Reproducible part II (R import and plotting):

library(raster)
library(rgdal)

# Raster
ras = raster::stack("NDSI_2019.tif")
proj4string(ras)

# ROI
roi = readOGR(".",
              "SampleROI")
proj4string(roi)
roi = spTransform(roi, CRSobj = crs(ras))

# Plot
plot(ras[[150]])
plot(roi, add = T)

The NDSI_2019.tif and SampleROI.shp files can be accessed without running the Earth Engine code here.

4
  • If you add the image to the GEE map, does it render in the correct location compared to the basemap?
    – Jon
    Commented May 26, 2020 at 17:34
  • @Jon Yes it does. Commented May 26, 2020 at 17:52
  • Could you upload the tif and SampleROI to try out the R part ? Commented May 27, 2020 at 8:09
  • @CésarArquero done. Commented May 27, 2020 at 15:58

1 Answer 1

3
+100

The issue is in the projection you are assigning the image for the export in Earth Engine. I could not get it to work with that projection either, but if I changed it to another they align as expect.
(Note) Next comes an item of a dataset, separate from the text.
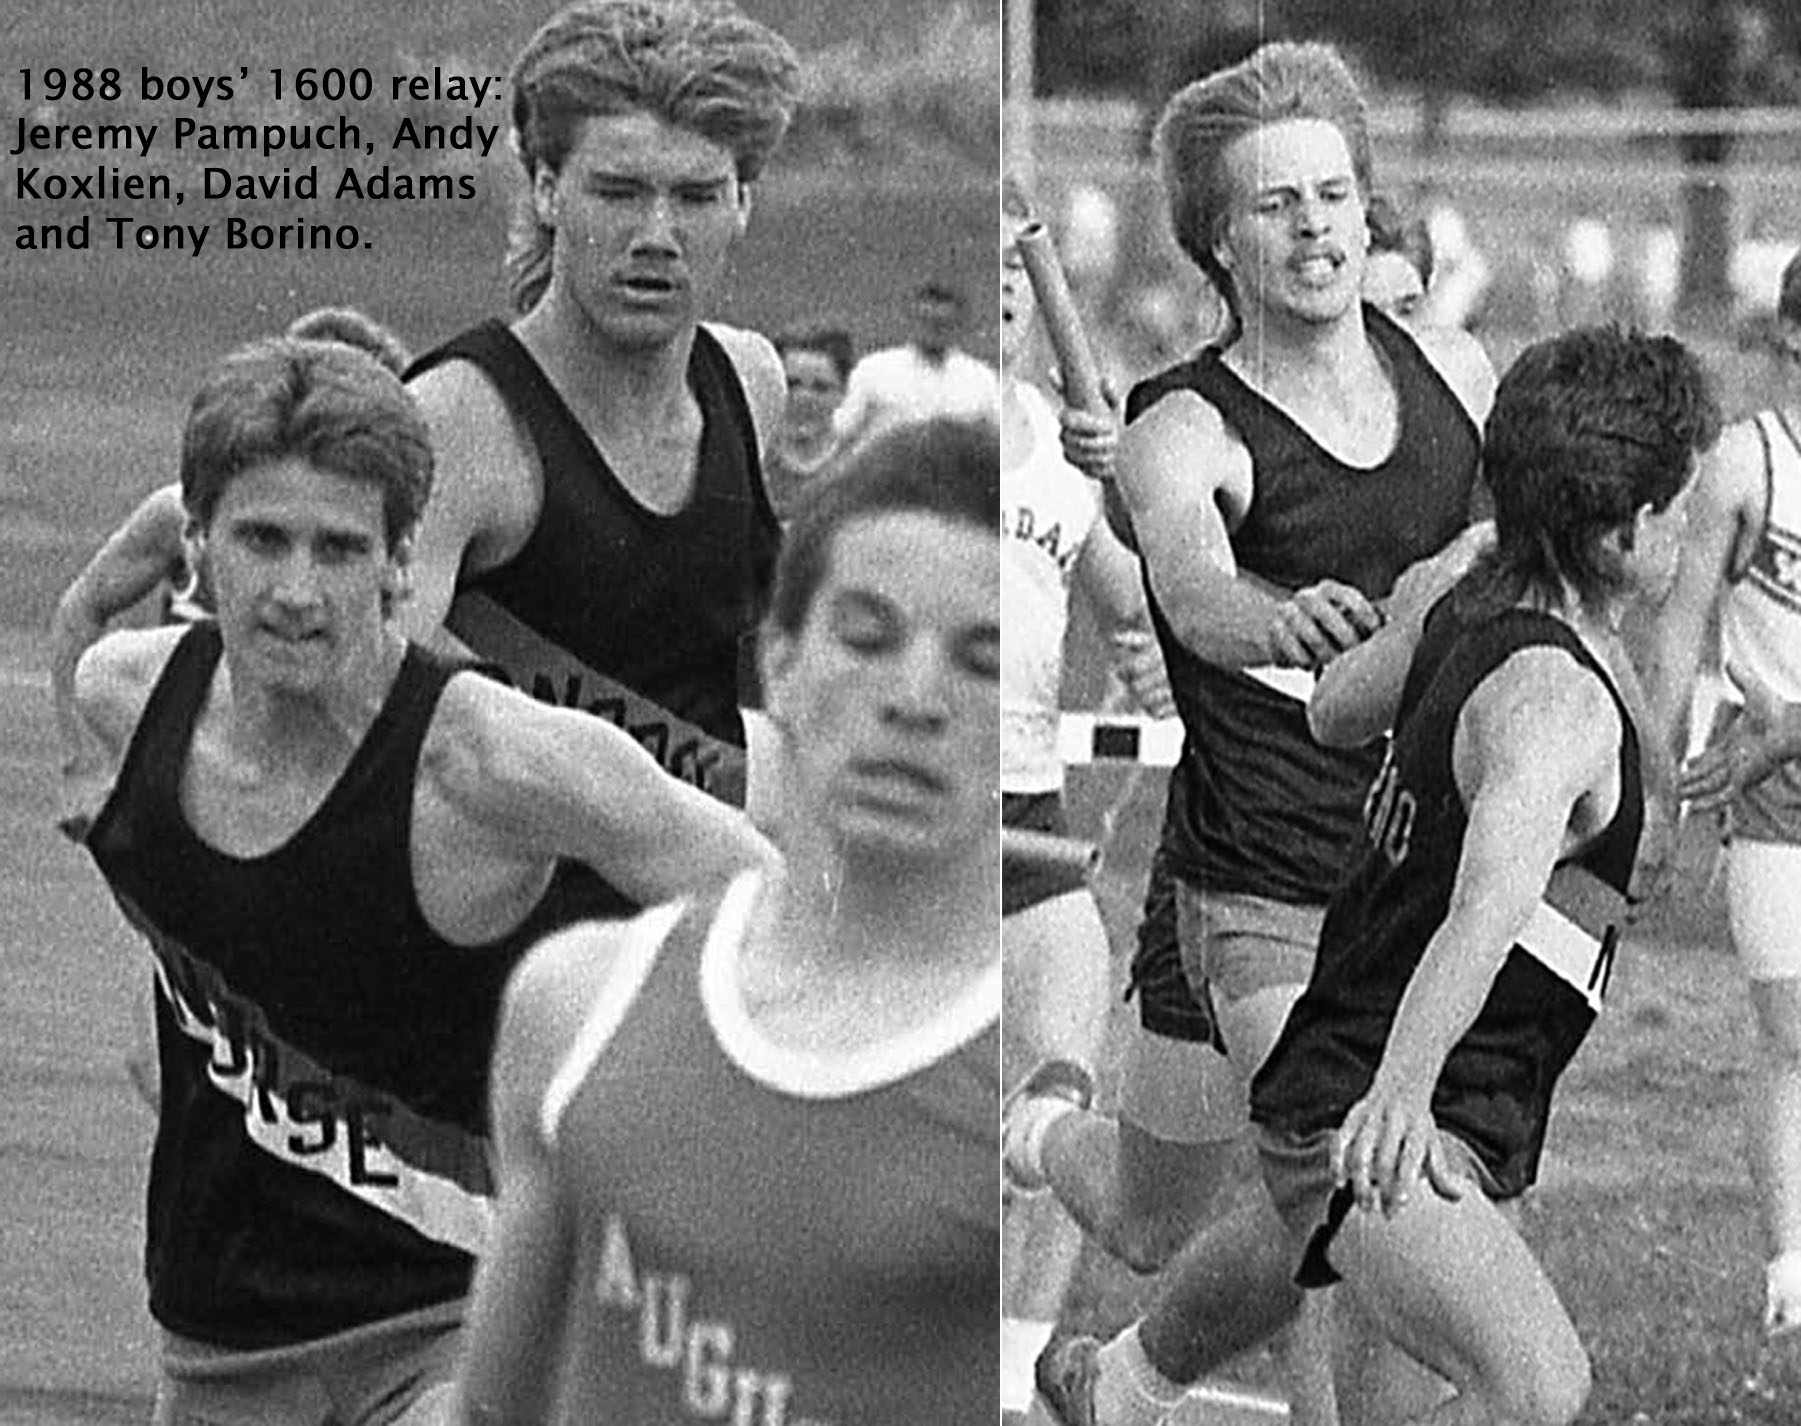 1988 1600 relay.jpg

You should export with a different projection, and then reproject layer if required.

//// Export the data
// Export table for plotting
Export.table.toDrive({
  collection: ROI,
  description: 'SampleROI',
  folder: "test",
  fileFormat: 'SHP'
});

// Export imagery
// Specify a crs as per Nicholas Clinton's advice
// https://gis.stackexchange.com/a/257647/67264
// Export a cloud-optimized GeoTIFF.
// See https://developers.google.com/earth-engine/exporting
var UTM11n = 'EPSG:32611';
Export.image.toDrive({
  image: ndsi_img,
  description: 'NDSI_2019_UTM',
  folder: "test",
  crs: UTM11n,
  maxPixels: 1.0E13,
  formatOptions: {
    cloudOptimized: true
  }
});

enter image description here

The only answer I can give you is that I have had issues with GEE not recognizing uncommonly used projections in the past, even when they had EPSG codes, and have to use the workflow described. Maybe it has something to do with it not recognizing the

"semi_major" and "semi_minor" arguments to Sinusoidal projections.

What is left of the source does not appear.